For this exercise, transcribe every line of the material exactly and skip the pictures.

#### Input data
────────────────────

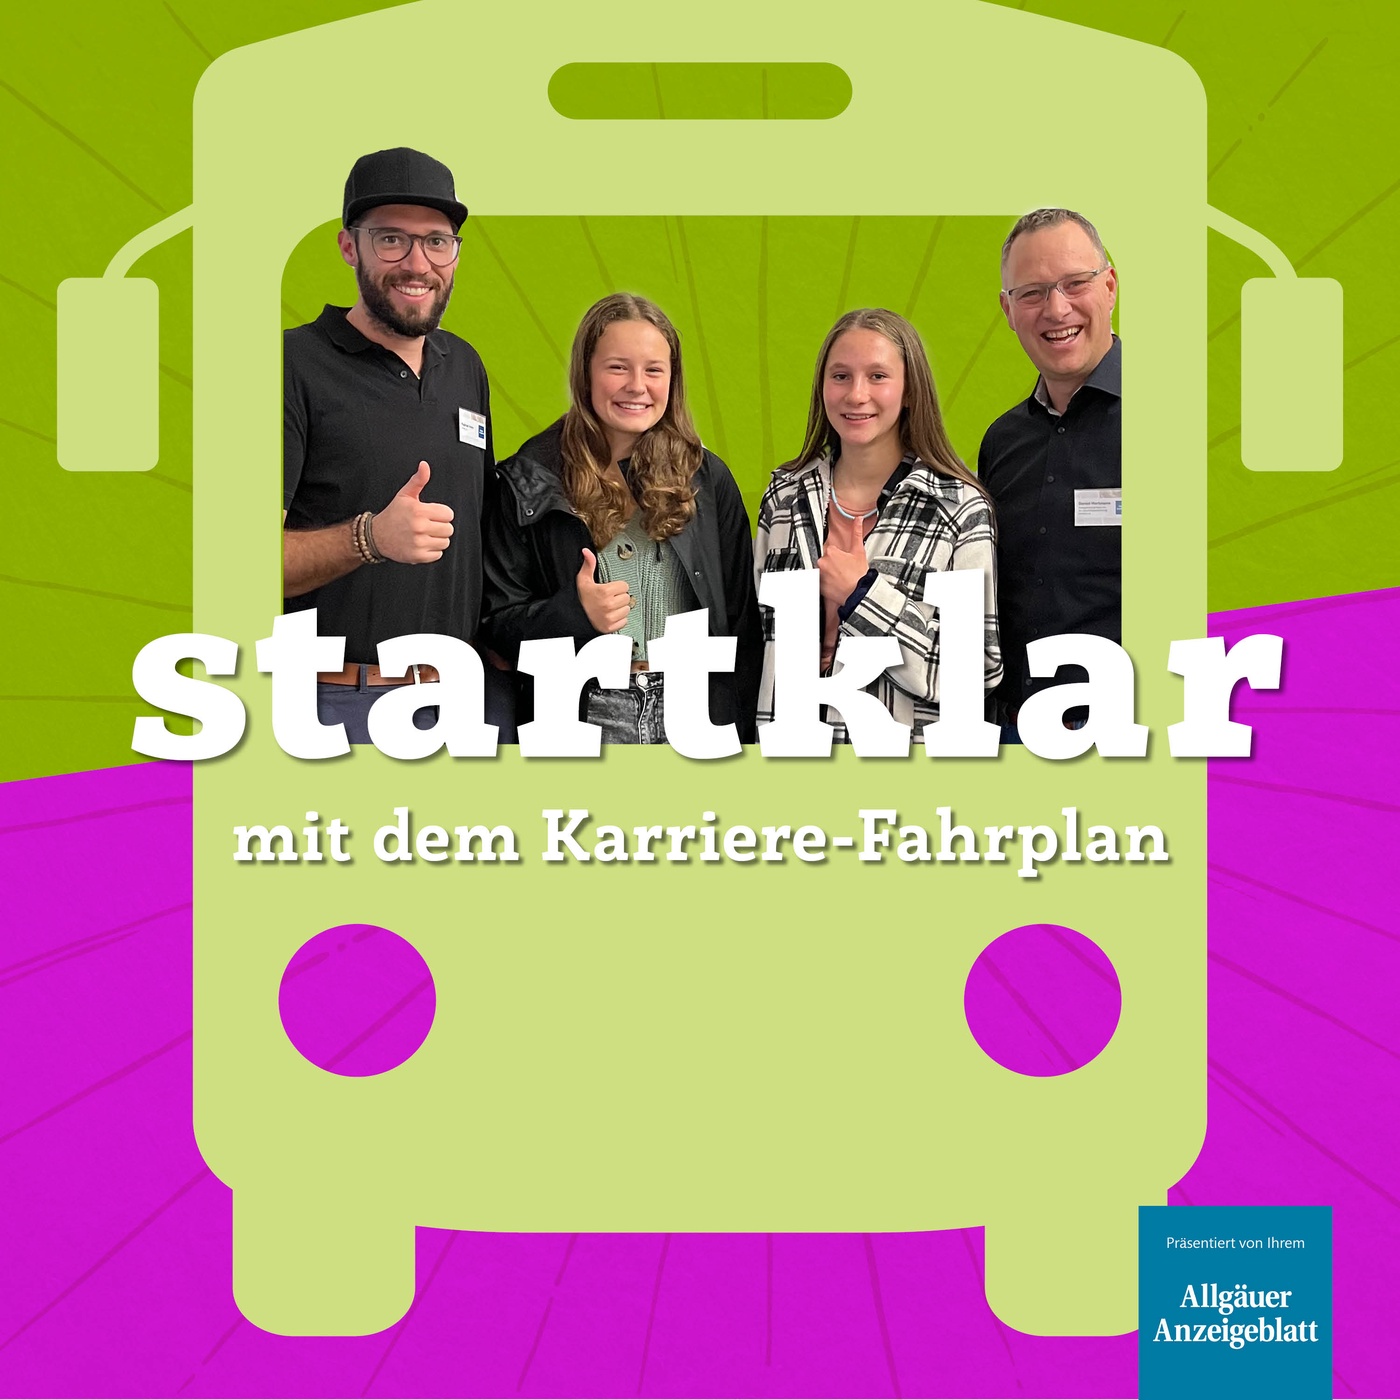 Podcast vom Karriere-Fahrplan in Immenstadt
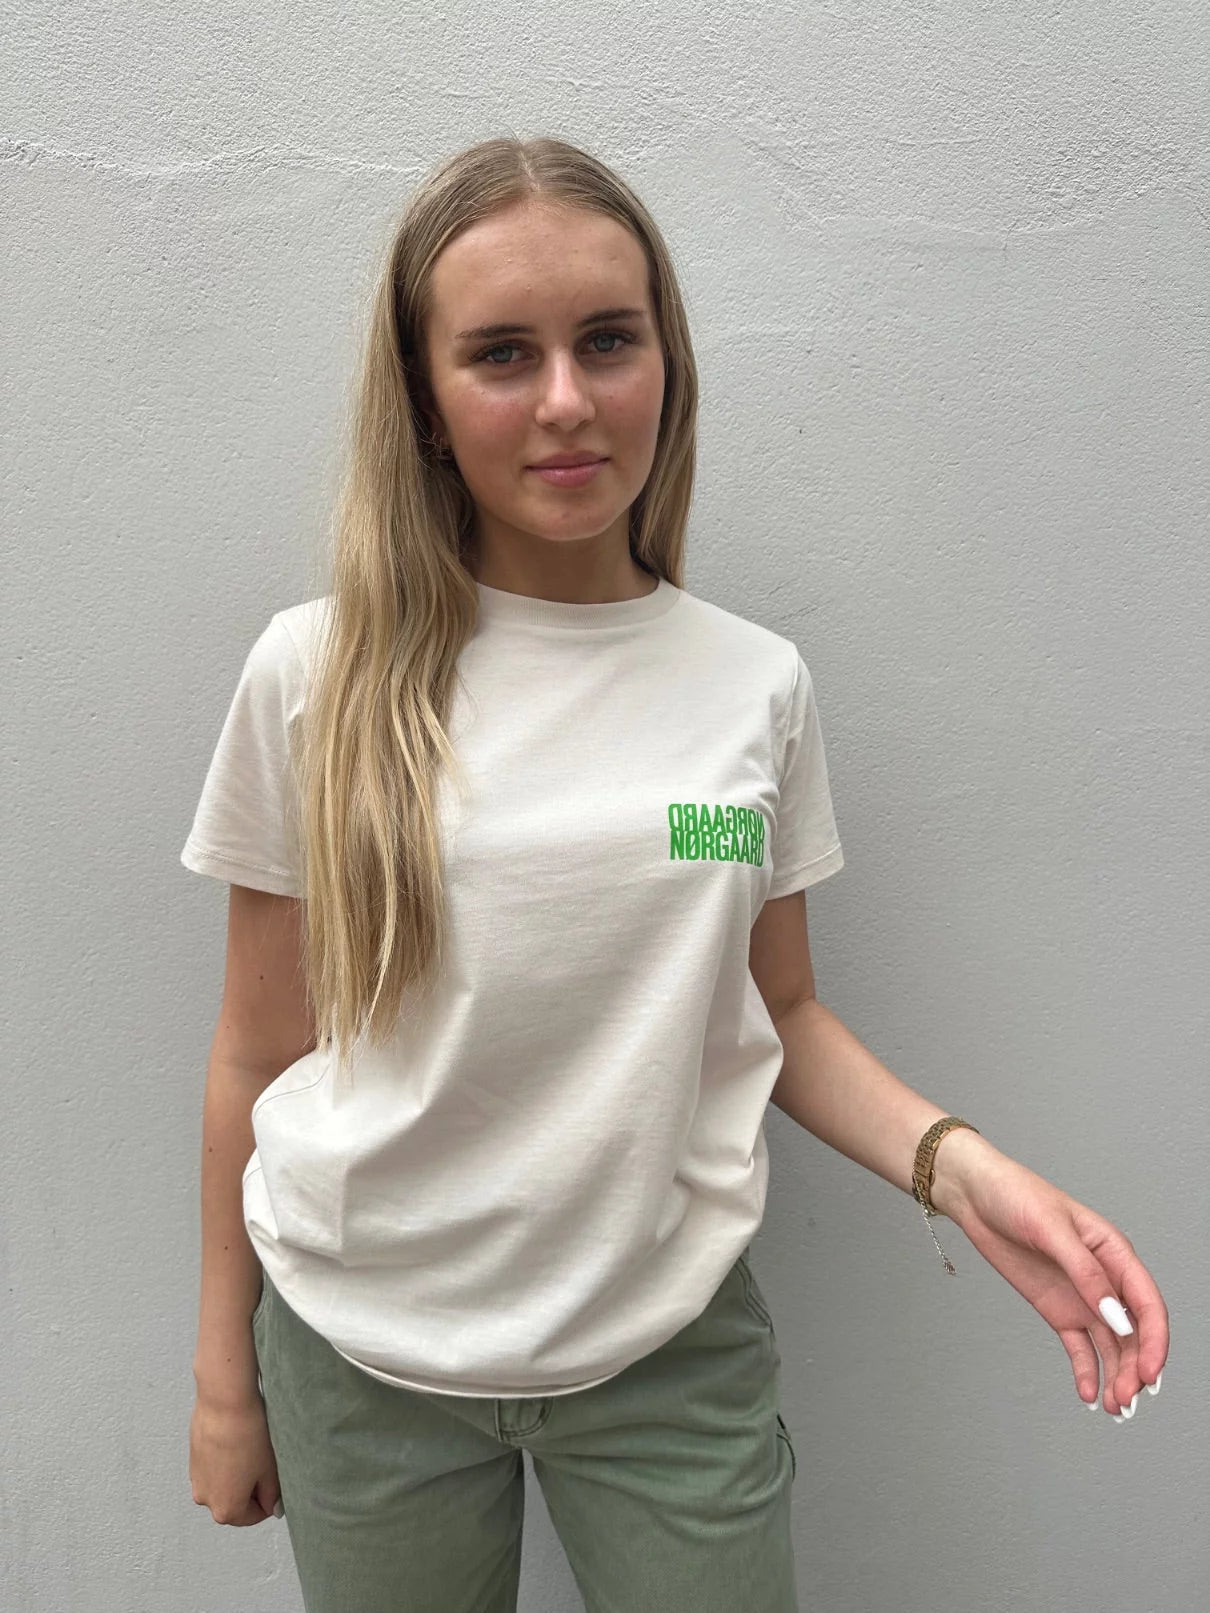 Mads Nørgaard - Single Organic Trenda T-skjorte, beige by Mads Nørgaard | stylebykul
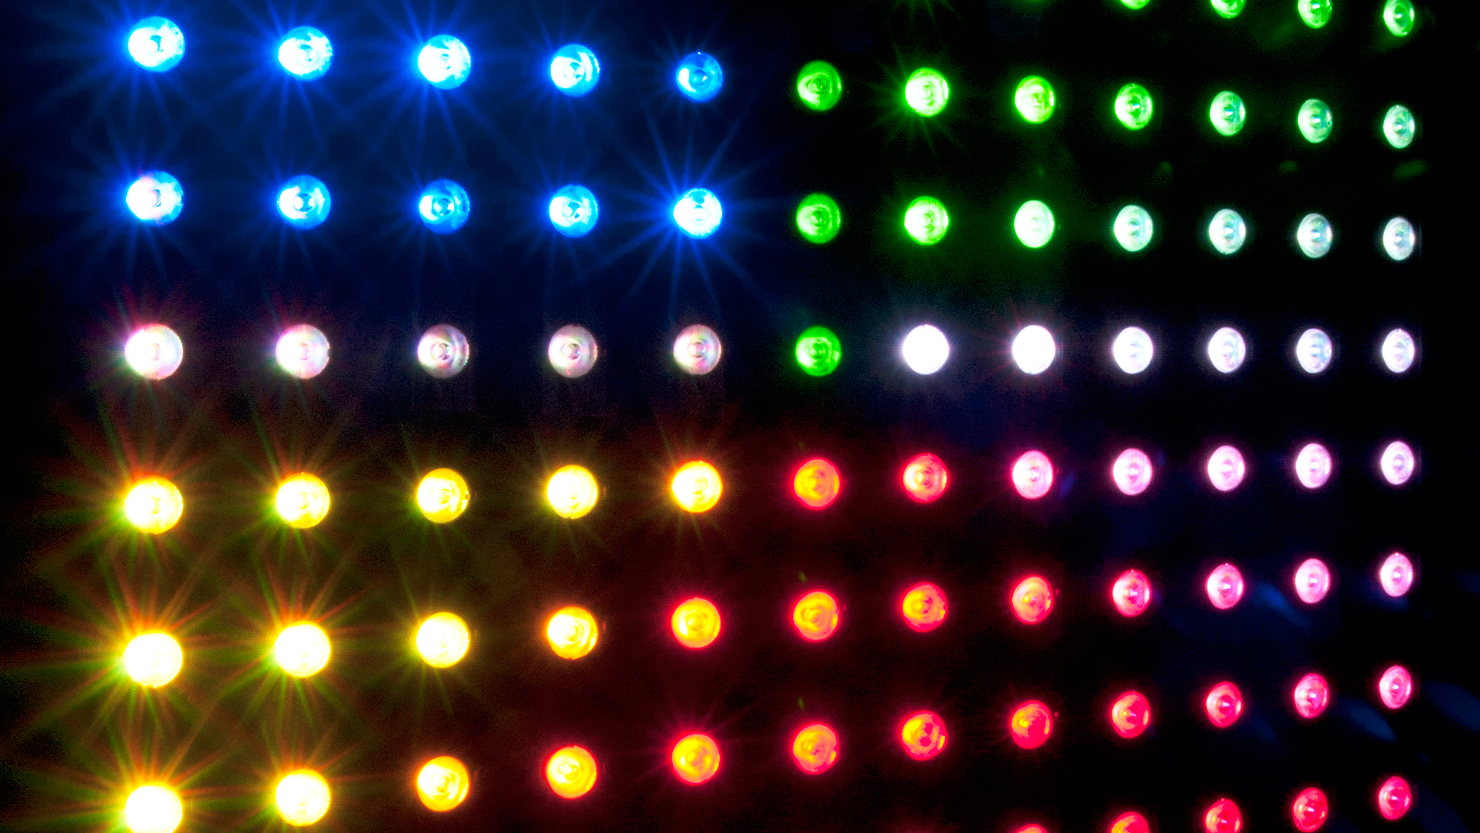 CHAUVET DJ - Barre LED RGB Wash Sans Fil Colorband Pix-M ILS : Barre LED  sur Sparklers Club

────────────────────

#### The completed task
 Podcast vom Karriere-Fahrplan in Immenstadt
 Mads Nørgaard - Single Organic Trenda T-skjorte, beige by Mads Nørgaard | stylebykul
 CHAUVET DJ - Barre LED RGB Wash Sans Fil Colorband Pix-M ILS : Barre LED  sur Sparklers Club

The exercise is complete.